What Is the Amplitude of the Block's Motion After a Bullet Is Fired Into It?

[longhorn991]

1. A 4kg block is suspended vertically from a spring with k = 500N/m. A 0.05kg bullet is fired into the block from directly below with a velocity of 150 m/s and becomes embedded in the block. Find the amplitude of the resulting simple harmonic motion.

Homework Equations

V cm = (Bullet mass)(Bullet velocity)/(Bullet mass + block mass)
(1/2)mv^2 + (1/2)Kx^2 = MgX

The Attempt at a Solution

This seems like a pretty straightforward problem, when I solve for the velocity after the the inelastic collision of the bullet and the block, I get 1.8519 m/s, which gives an initial kinetic energy of 6.9448 J. However, there is no solution to the above equation for any positive kinetic energy, so I must be setting up the work theorem equation wrong.

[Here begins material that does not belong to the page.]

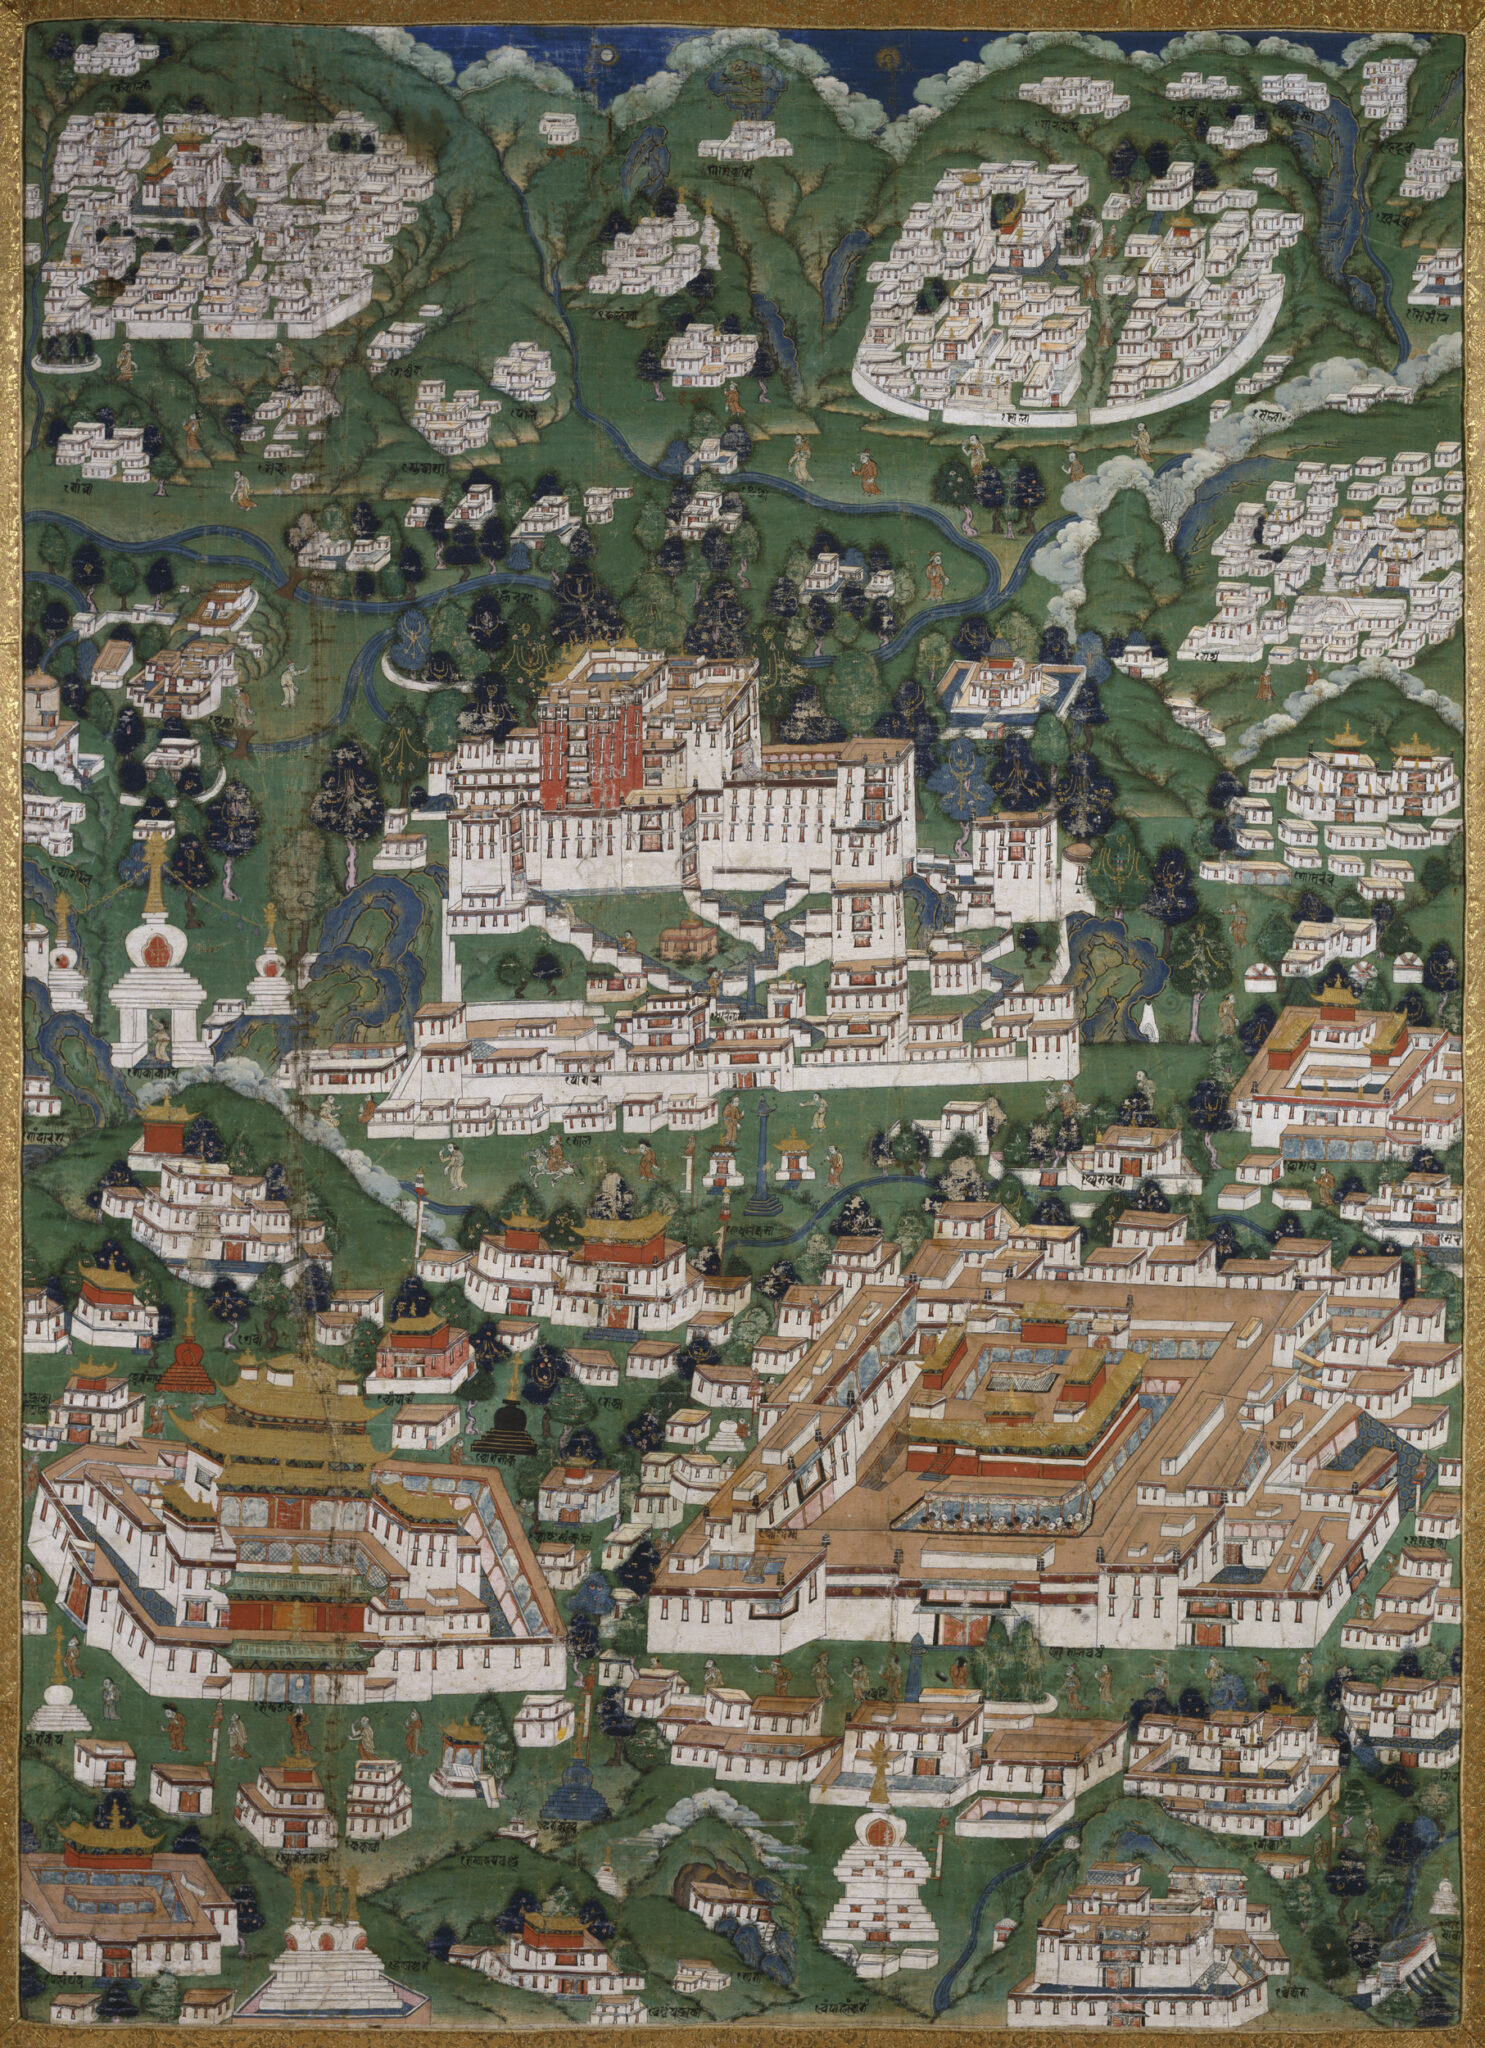 Painting depicting hilltop palace surrounded by prominent building complexes and settlements situated in green landscape

Can anyone point out what mistake I am making?

 

[gneill]

When the combined mass is at the top of its range (velocity reaches zero), then all the initial kinetic energy will be converted to gravitational PE and spring PE. So if KE is your initial KE and h₁ is the height above the starting position, and dealing with the magnitudes of the energies,

KE = Mgh₁ + (1/2)k(h₁)²

On the way back down, the mass will pass through the same location with the same kinetic energy (only this time the velocity will be directed downwards). Write another equation similar to the above that will find h₂, the distance below this initial level where the spring will now hold the KE and the additional gravitational PE. The amplitude of the oscillations will be h₁ + h₂.